An investigation into allegations that the bank’s Estonian branch washed some $7 billion in dirty money from questionable Eastern European customers, some alleged to be involved in drugs, cybertheft, etc., has turned out to be a huge debacle for Danske Bank.
The failure of the bank to prevent money laundering in its Estonian branch has cost some executives who have bailed out, investors who were spooked — and especially, its formerly sterling reputation, with the company now earning the opprobrium of Danes who once saw the bank as one of their nation’s greatest institutions.
One lesson from the Danske Bank story is that even institutions with top anti-money-laundering programs can be exposed to money laundering. Businesses without the substantial resources of a Danske Bank are sitting ducks for even more esoteric scams, like transaction laundering, which occurs when an undisclosed business uses an approved merchant’s payment credentials to process payments for unknown products and services, typically illicit or illegal.
Danske Bank had oversight systems in place that could indicate money laundering, as required by AML statutes. In this case, the failure of bank employees to follow up on the initial alarms may end up costing the company as much as $670 million. The bank concluded in its own investigation that “it was major deficiencies in controls and governance that made it possible to use Danske Bank’s branch in Estonia for criminal activities such as money laundering.”

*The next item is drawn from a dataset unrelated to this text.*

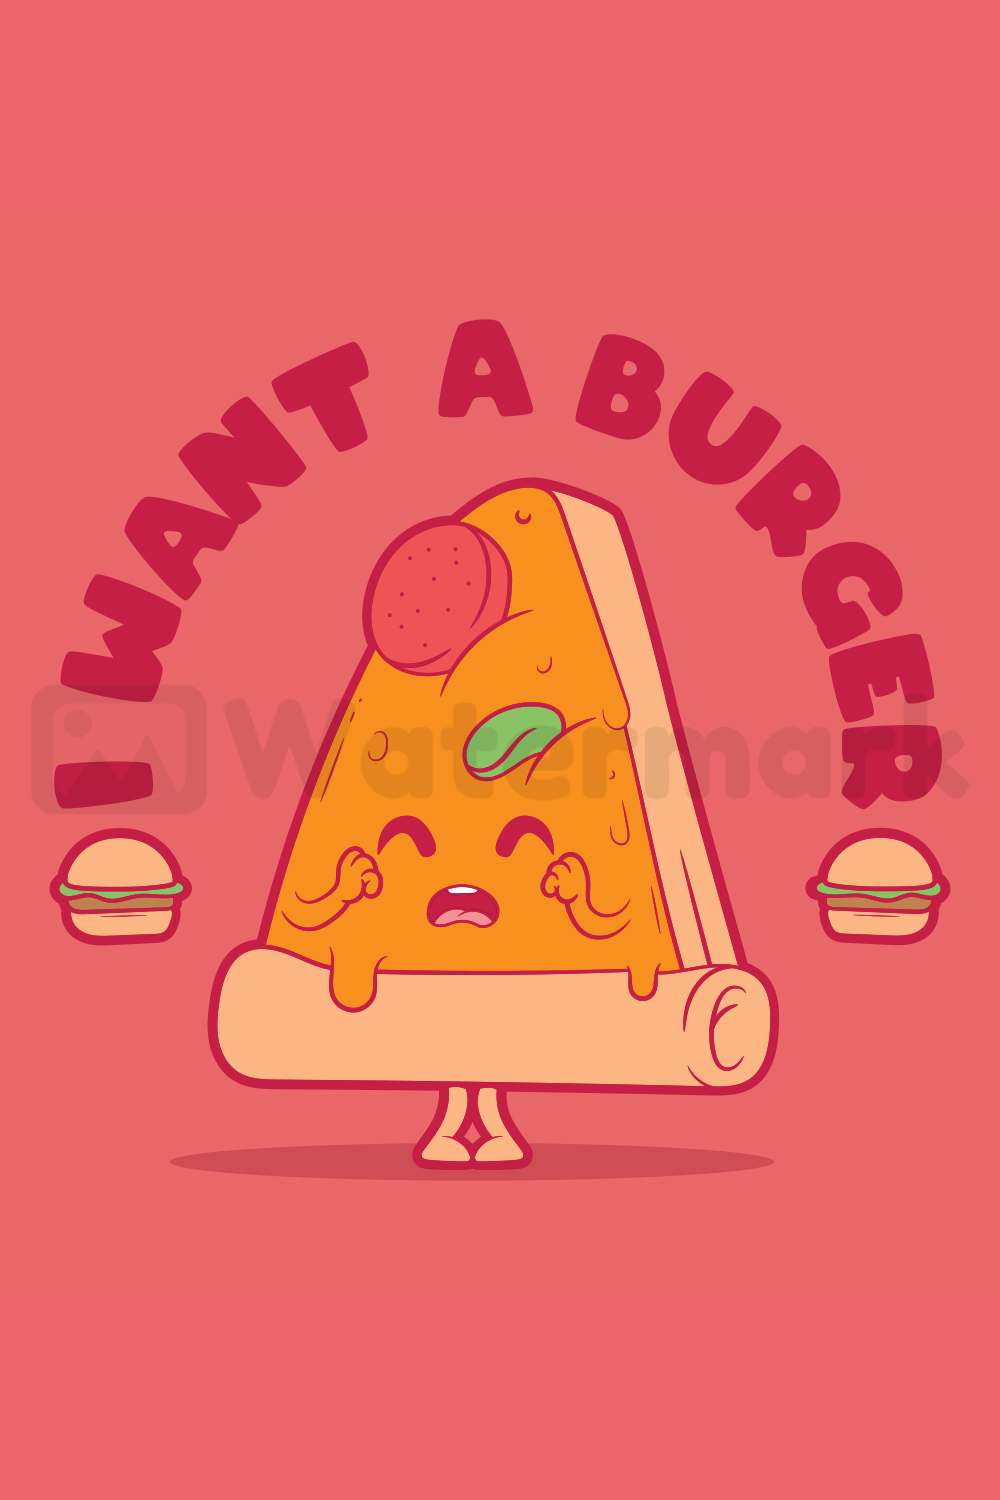 I want a Burger Vector Design pinterest image.

Over time, the EU has seen the need create and adhere to clear regulations that apply across borders. Denmark was reprimanded last year in a report by the Financial Action Task Force, an international organization that monitors compliance with global regulations, for its inadequate money laundering efforts. The report specifically cited that Danske had “extensive shortcomings, including no coordinated plans and insufficient resources.”
For most organizations, protection against advanced forms of money laundering such as Transaction Laundering, are likely nonexistent, which means they don’t even know what to look for.
The only way to begin attacking a problem like that is with the incorporation of advanced, automated systems that can detect compliance issues and illegal activity. Then it’s up to businesses to stay updated and follow up on any problems.
And when it comes to harder-to-detect schemes, like transaction laundering, these organizations need the proper tools and technology to detect them before the alarms sound. Digital problems require digital solutions. Maintaining a comprehensive risk management process is the best way to avoid the ire of authorities, customers and investors — and a tremendous loss of reputation.